BEGIN COLLECTED DATA

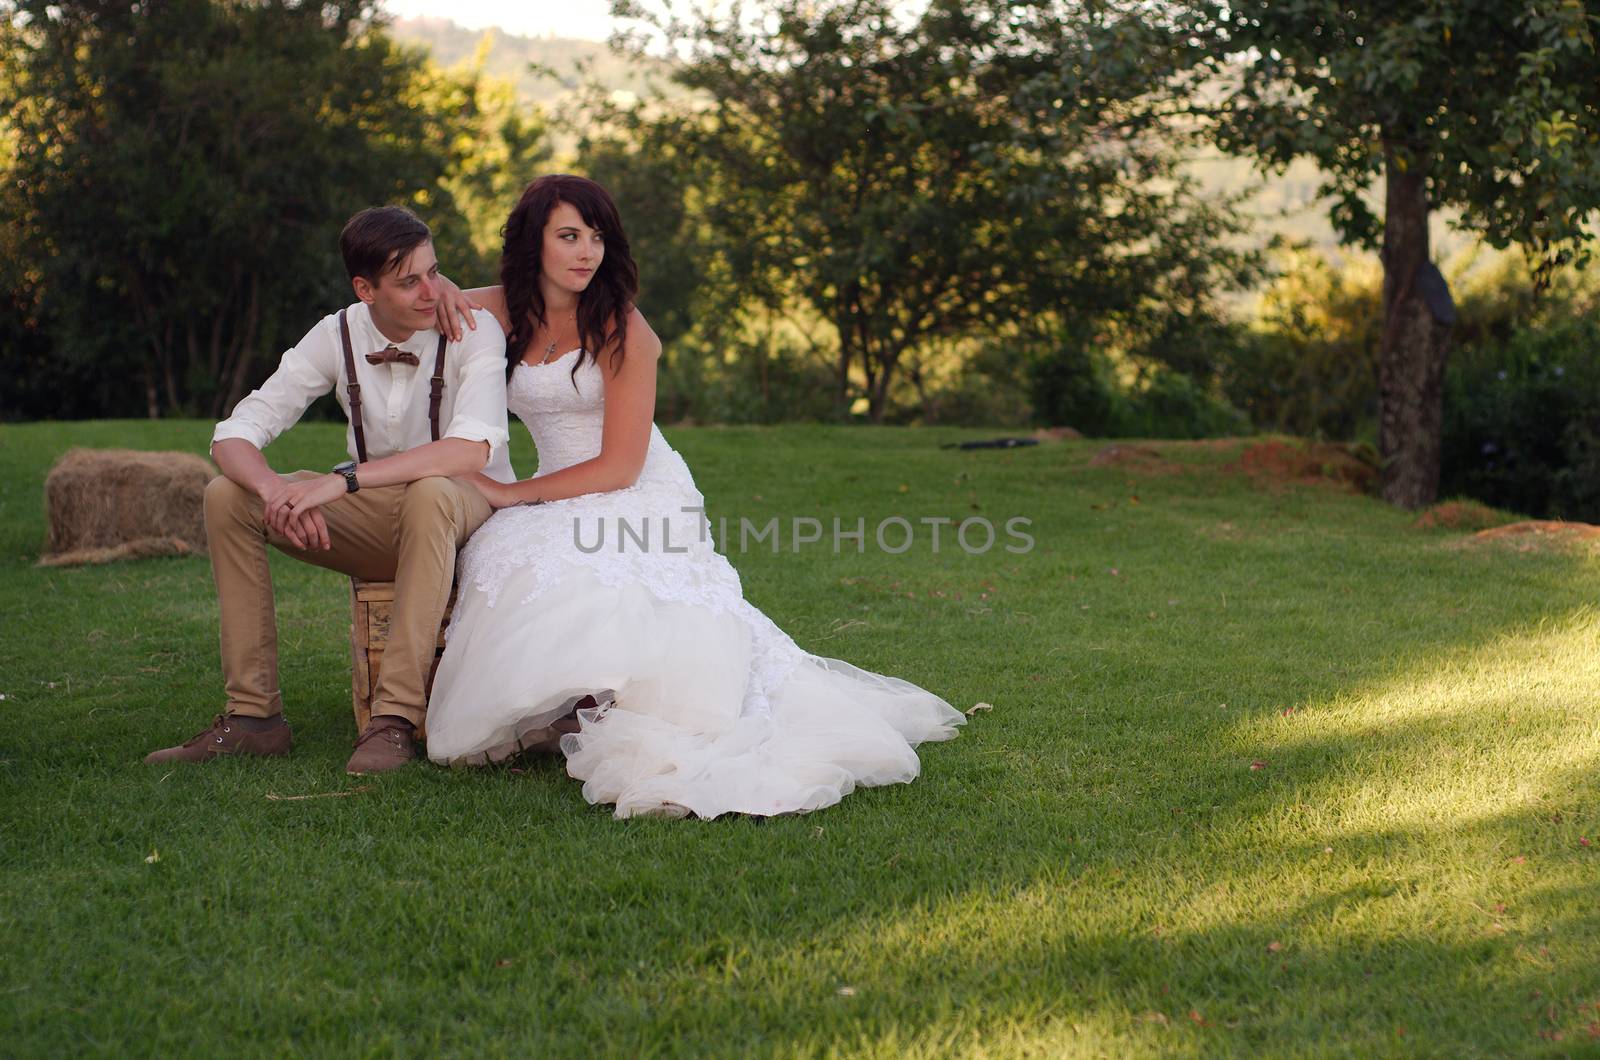 Bride and groom in garden wedding by alistaircotton
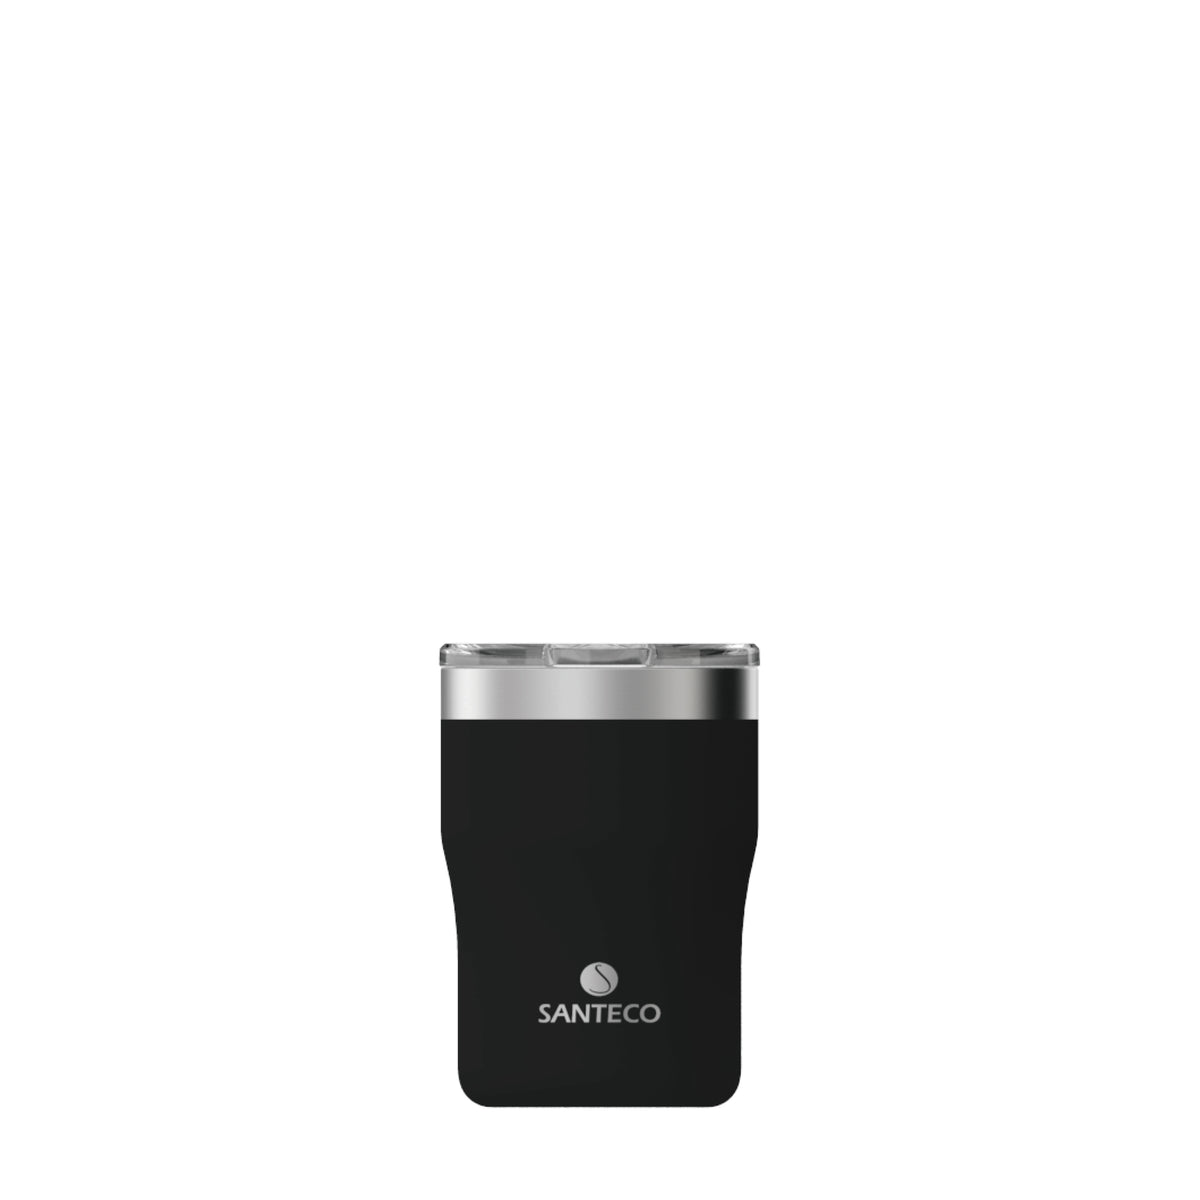 SANTECO Nora 10 oz, Thermal Tumbler, Stainless Steel, Vacuum Insulated
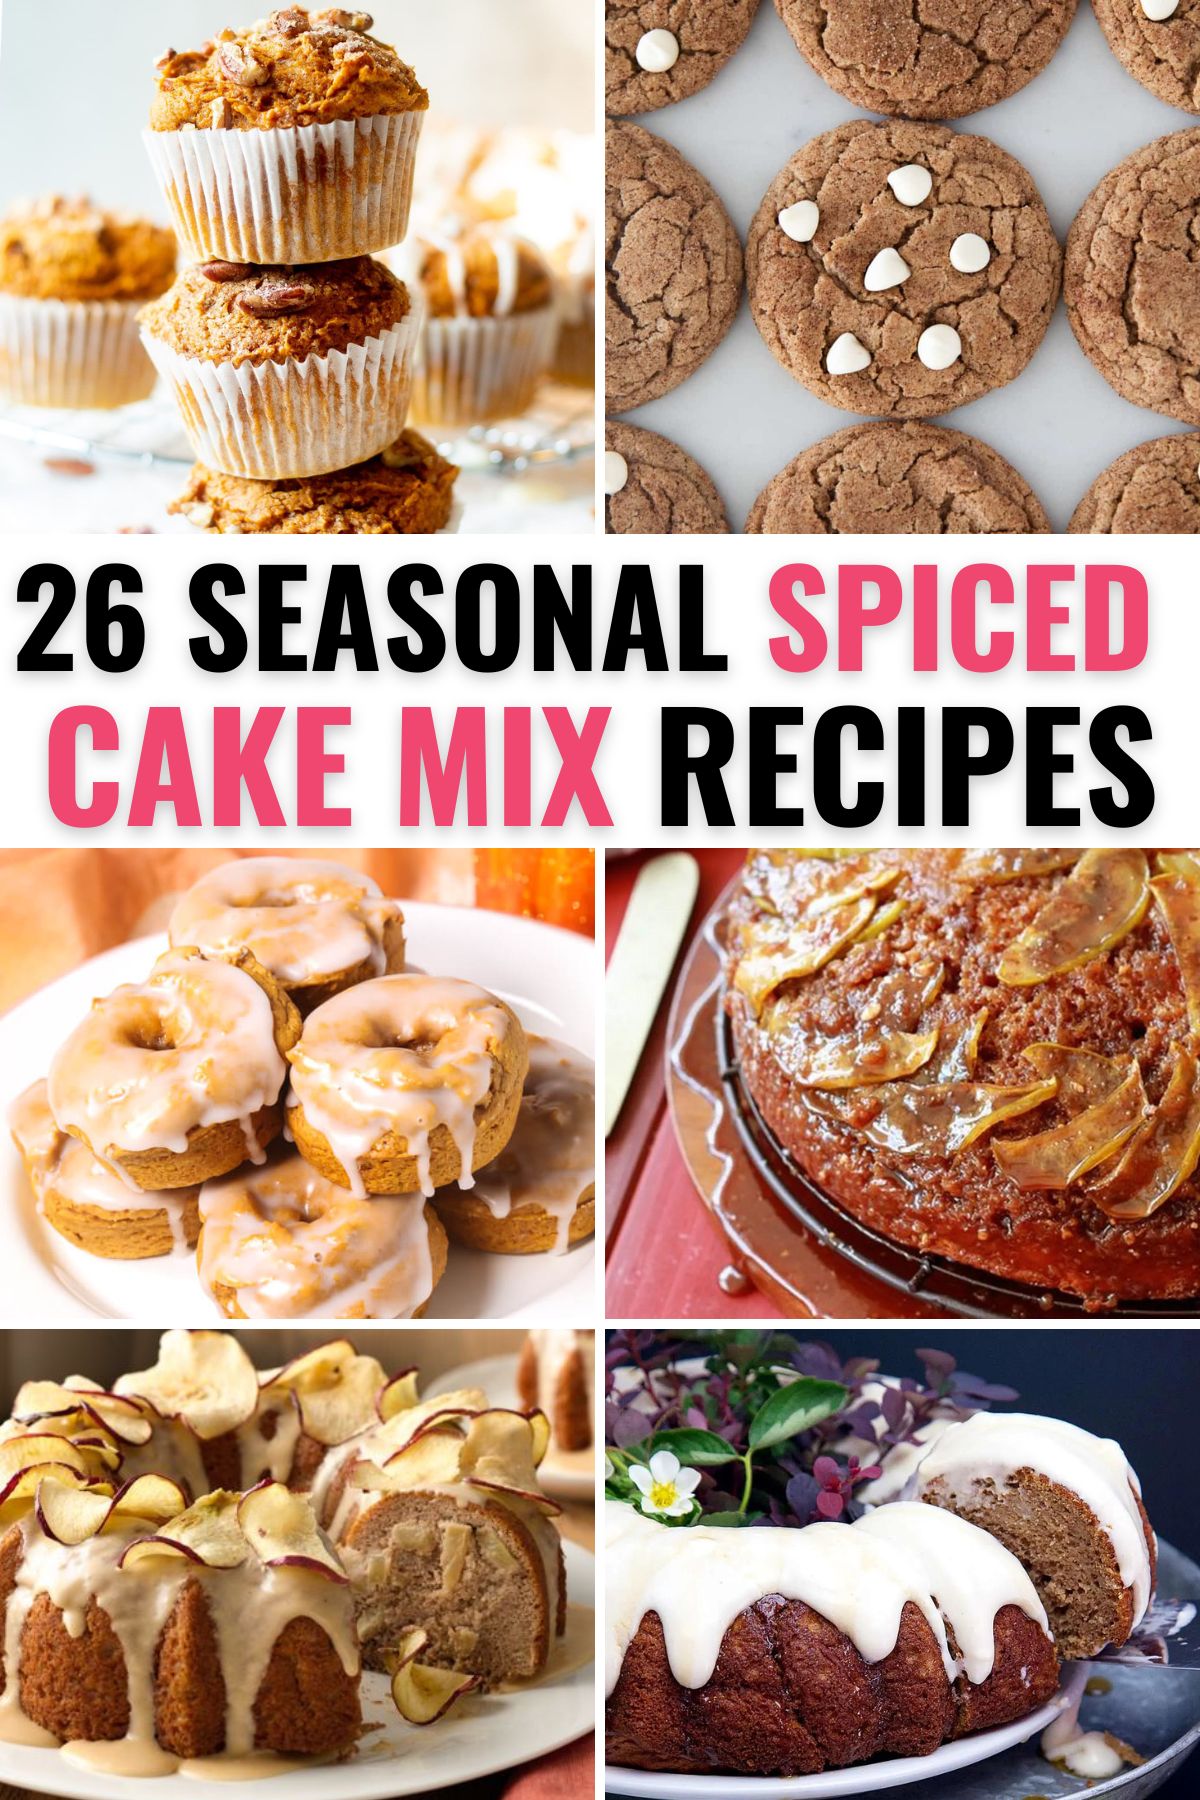 A collection of spiced muffins, cookies, donuts, and cakes

END COLLECTED DATA

WORK ITEM: Would you return the data exactly as written, without the pictures?

REPLY TO THE EXERCISE:
 Bride and groom in garden wedding by alistaircotton
 SANTECO Nora 10 oz, Thermal Tumbler, Stainless Steel, Vacuum Insulated
 A collection of spiced muffins, cookies, donuts, and cakes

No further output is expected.